== Task description ==
The material below should be copied line for line, please, with pictures omitted.

== Data section ==
== Segment start ==

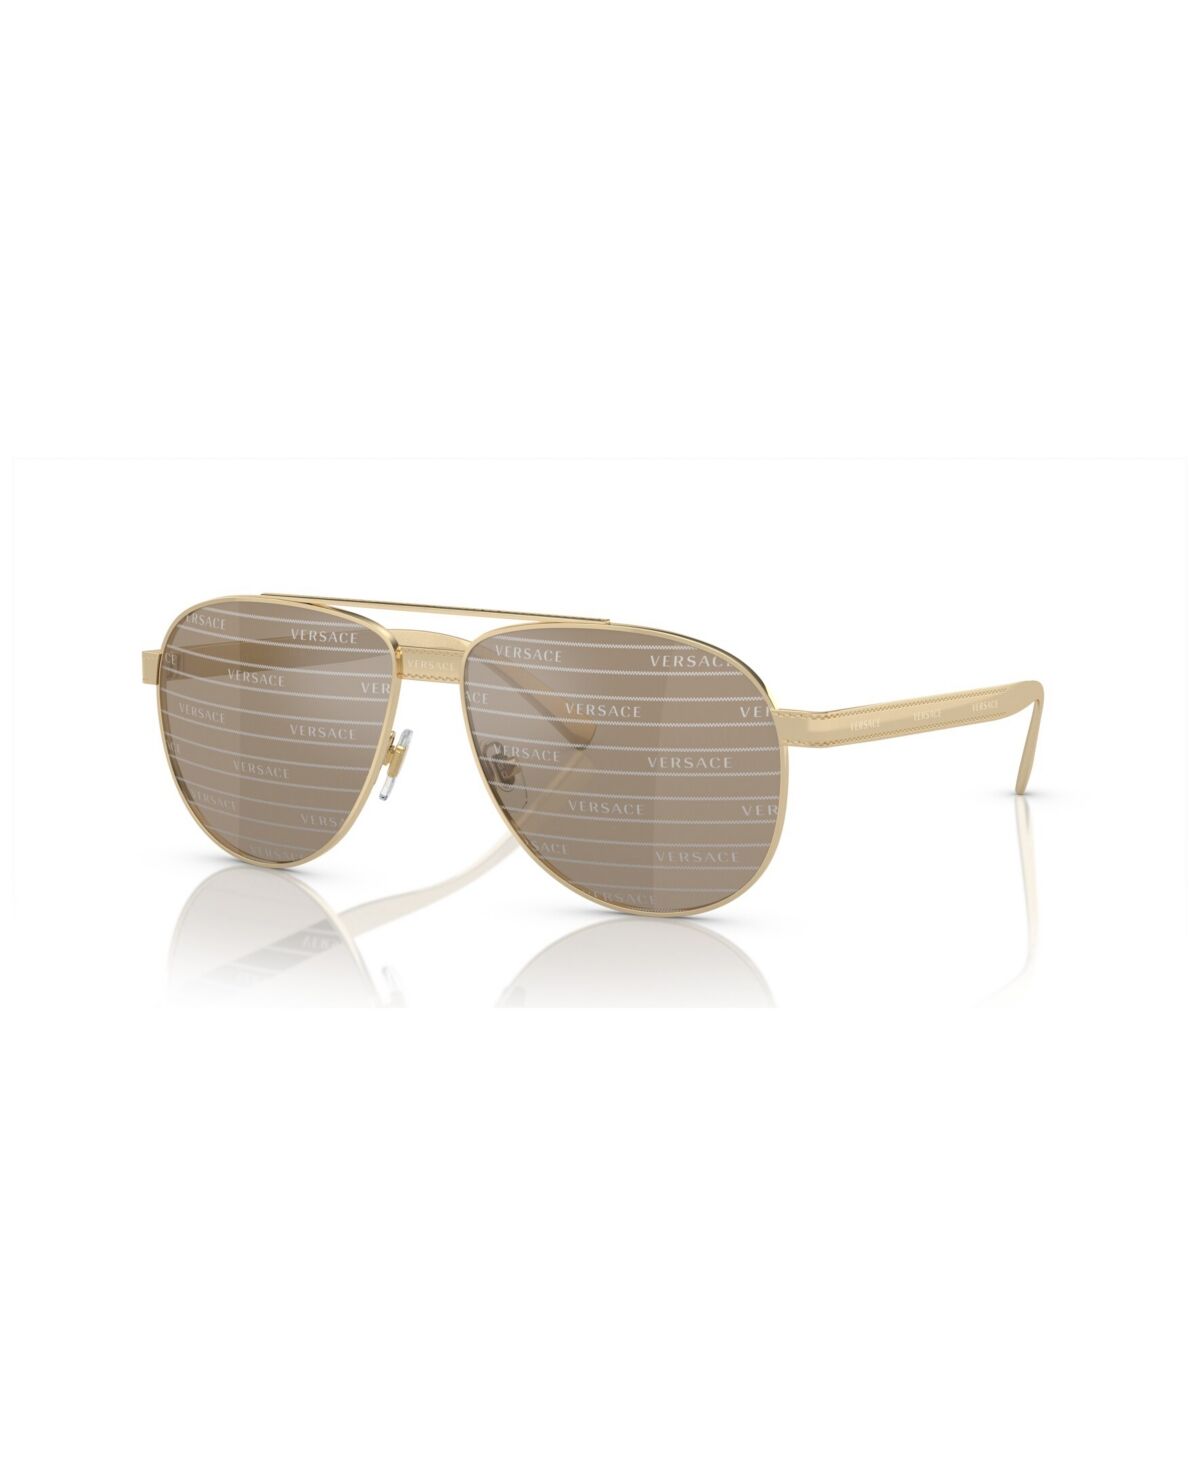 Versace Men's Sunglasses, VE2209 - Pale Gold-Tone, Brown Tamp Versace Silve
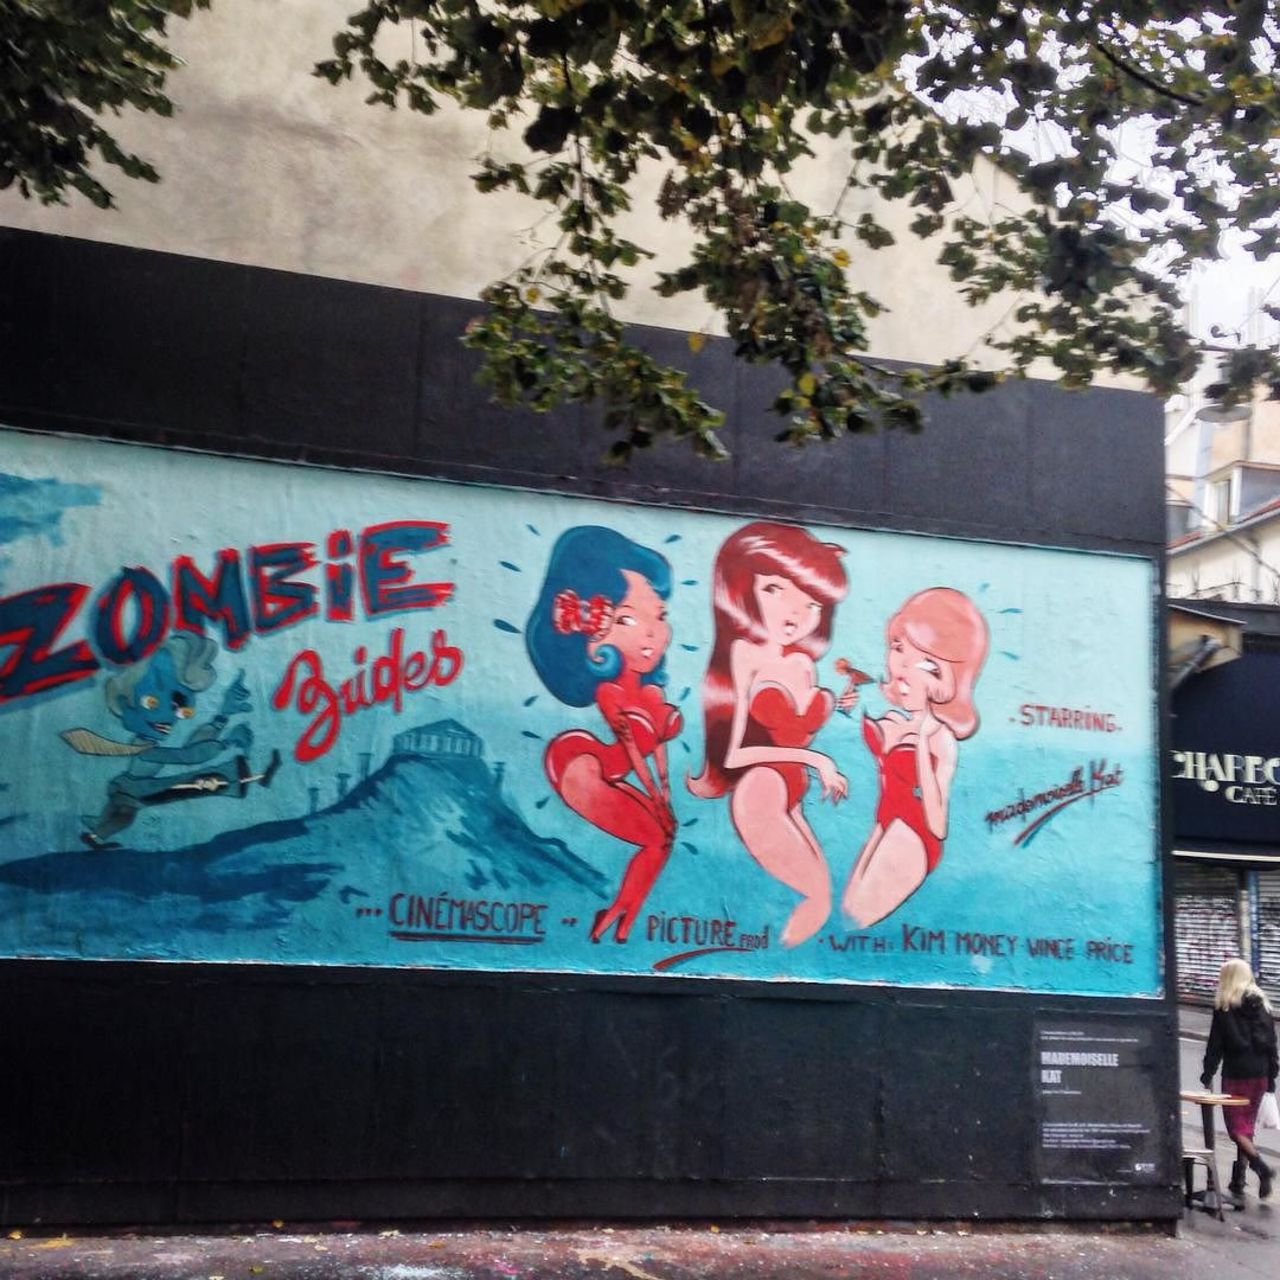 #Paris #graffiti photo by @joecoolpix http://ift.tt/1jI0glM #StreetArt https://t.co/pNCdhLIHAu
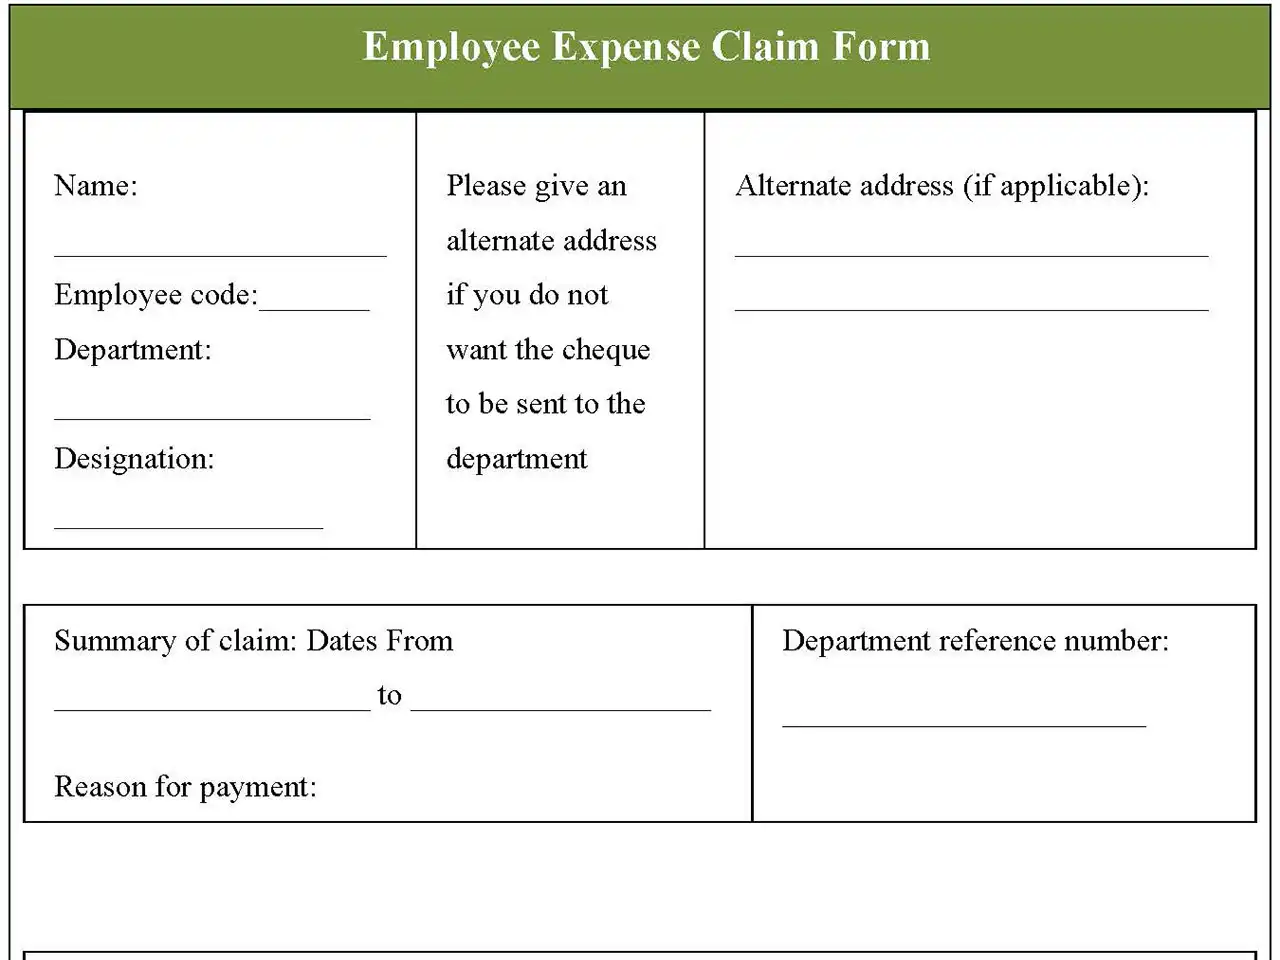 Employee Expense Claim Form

== Segment end ==

== Output of the task ==
 Versace Men's Sunglasses, VE2209 - Pale Gold-Tone, Brown Tamp Versace Silve
 #Paris #graffiti photo by @joecoolpix http://ift.tt/1jI0glM #StreetArt https://t.co/pNCdhLIHAu
 Employee Expense Claim Form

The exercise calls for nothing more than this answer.